He could have been cautioned though. And if he had, his name would have been on the national database for at least five years.
# Huntley's name was, however, logged on Humberside Police's own local computer system. In 1999 PC Michael Harding wrote a file on him, saying he was clearly a "serial sex attacker".
But the report was deleted during a review of the database a few months before Huntley applied for the job at Soham Village College.
# Chief Constable David Westwood conceded their intelligence system had "failed almost completely" and admitted he had been wrong to blame the Data Protection Act for the vetting process.

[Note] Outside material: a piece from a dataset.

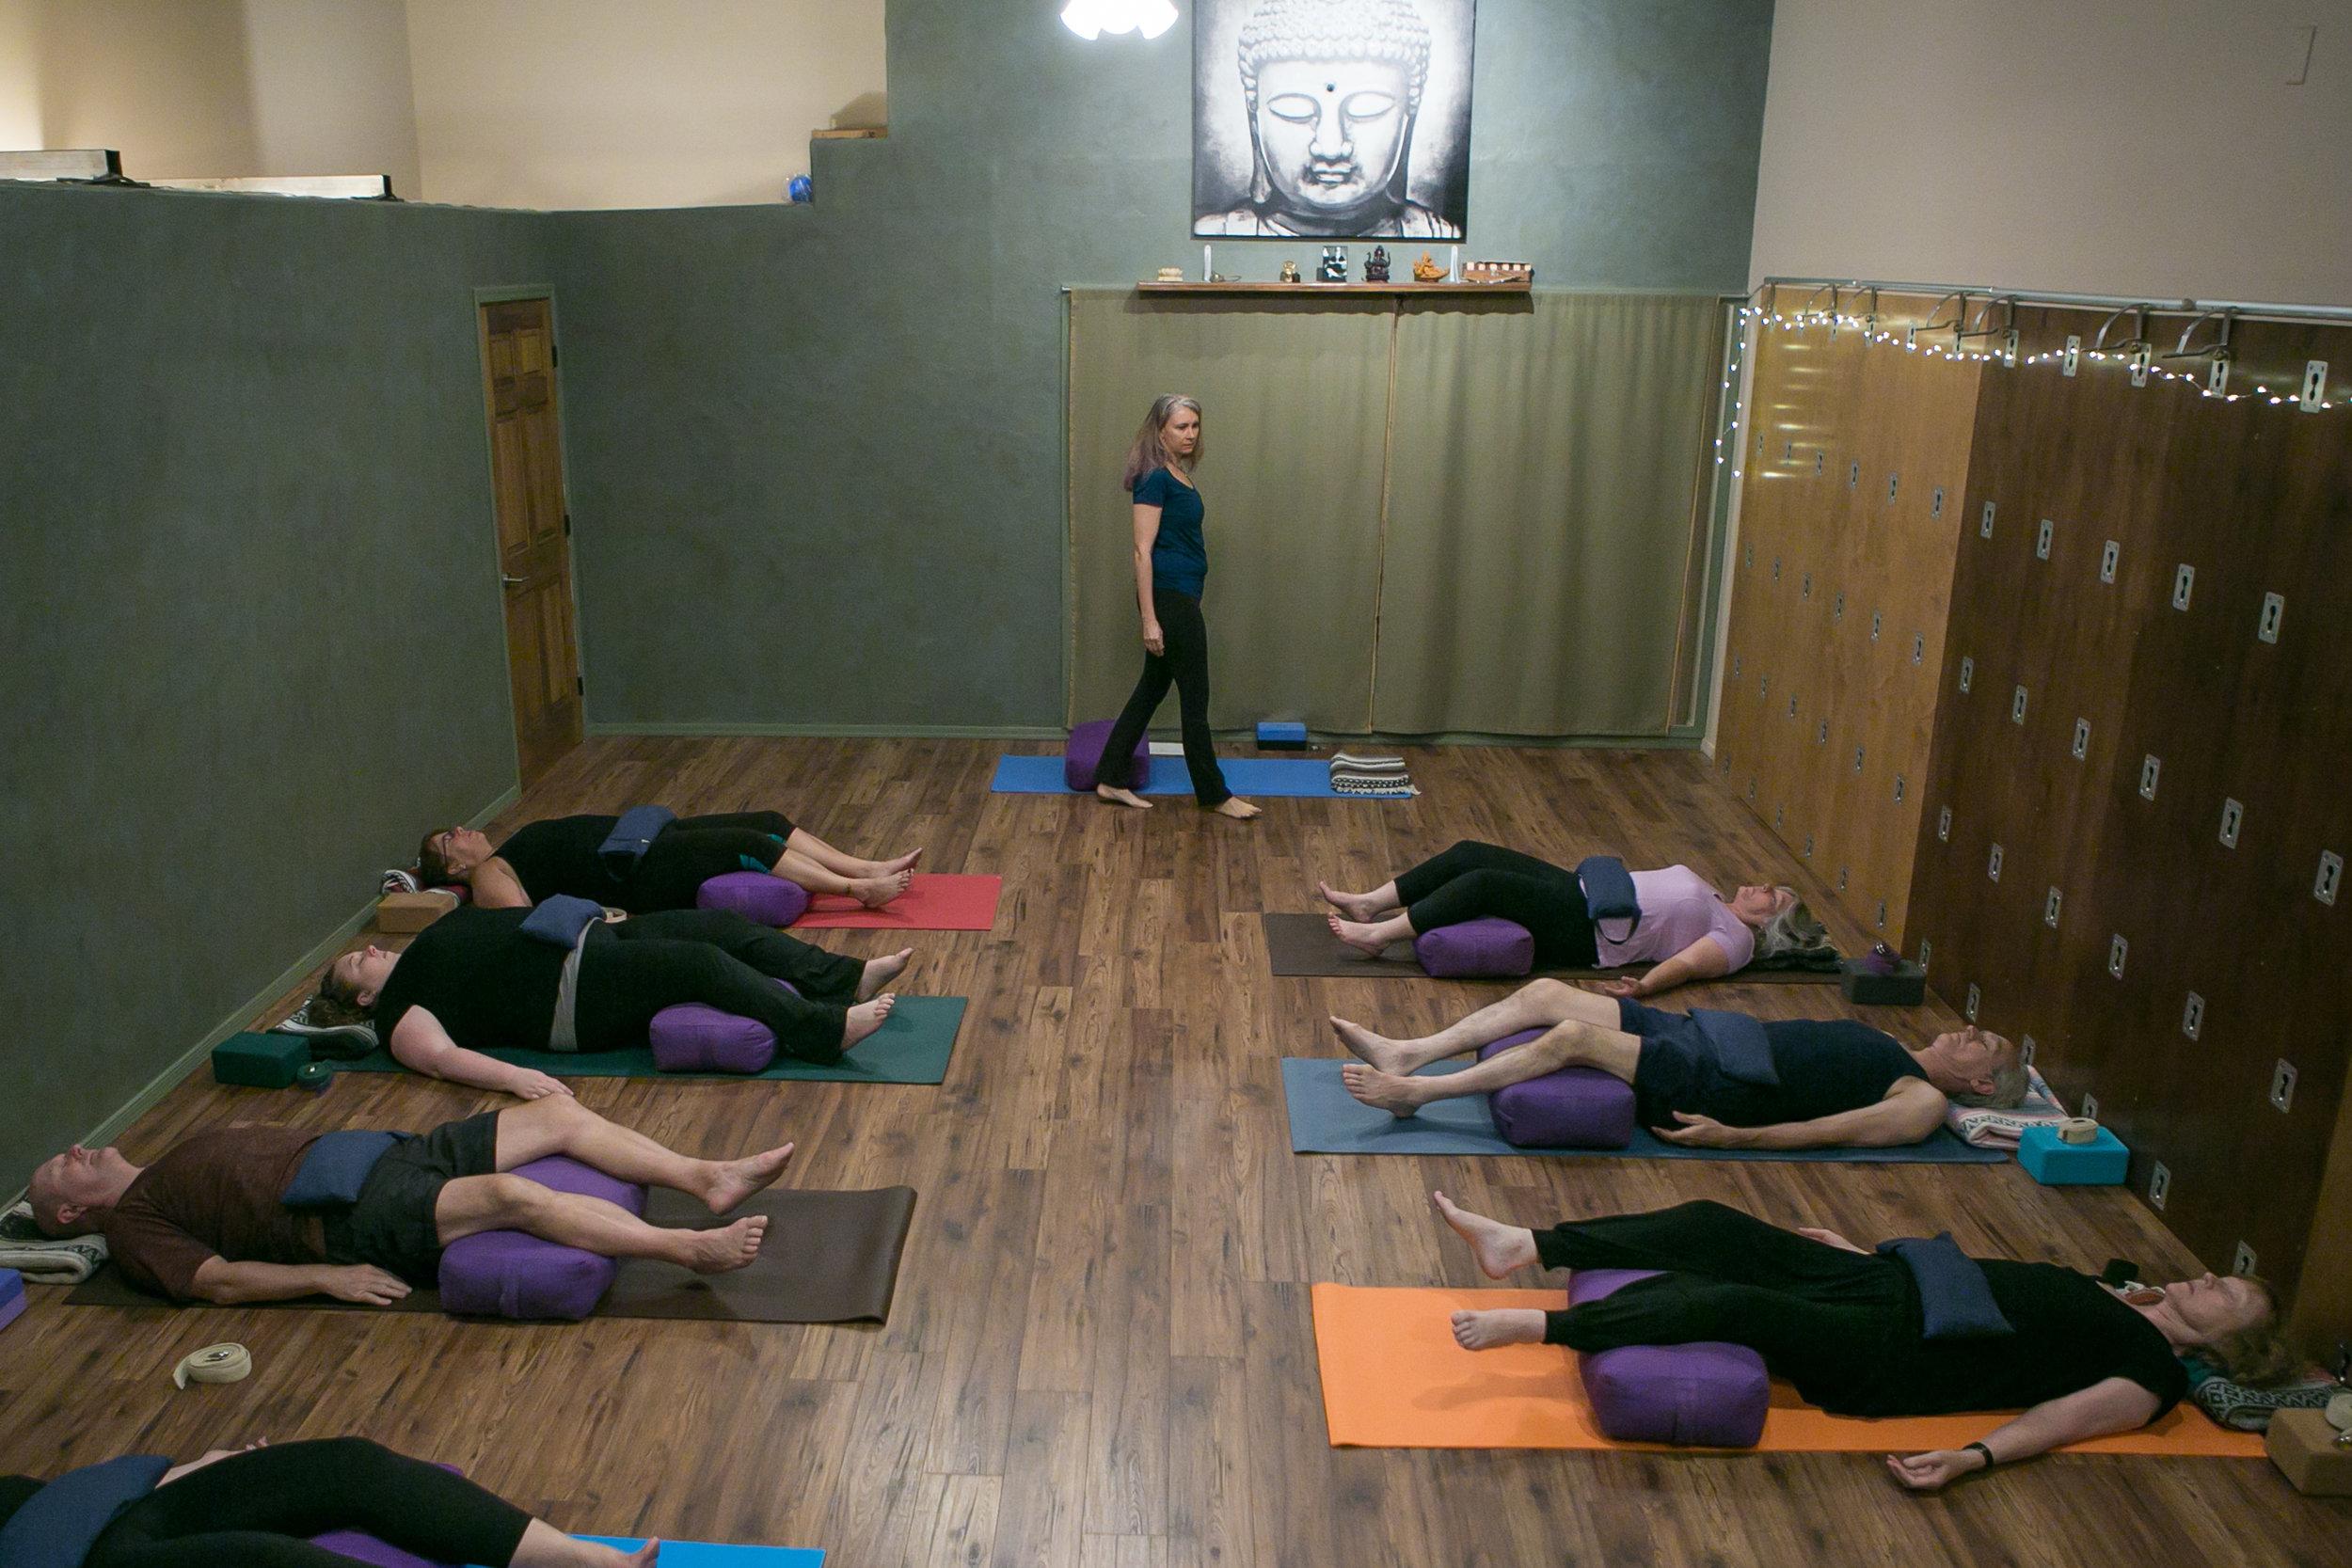 10-30-18_WIDE_LyndiRivers_Yoga_KathleenDreierPhotography_IMG_0022.jpg

# The force also failed to update Police National Computer (PNC) records to include Huntley's alias surname of Nixon, so the response to any checks would have been "no trace".
They had twice been told Huntley and Nixon were the same person.
# Staff responsible for vetting job applicants such as Huntley were not able to access a database with information about sex offences and children.
Chief Constable of Cambridgeshire Police Tom Lloyd said his officers had not vetted Ian Huntley properly and its systems contained "weaknesses".
Two specific human errors were also made during the vetting process.
One staff member entered Huntley's date of birth incorrectly into the Child Access database, while another only looked on the national database under Huntley's alias surname Nixon.
Head teacher of Soham Village College Howard Gilbert said he did not follow up any of the five references Huntley provided at his interview, two of which were undated and three of which were almost 18 months old.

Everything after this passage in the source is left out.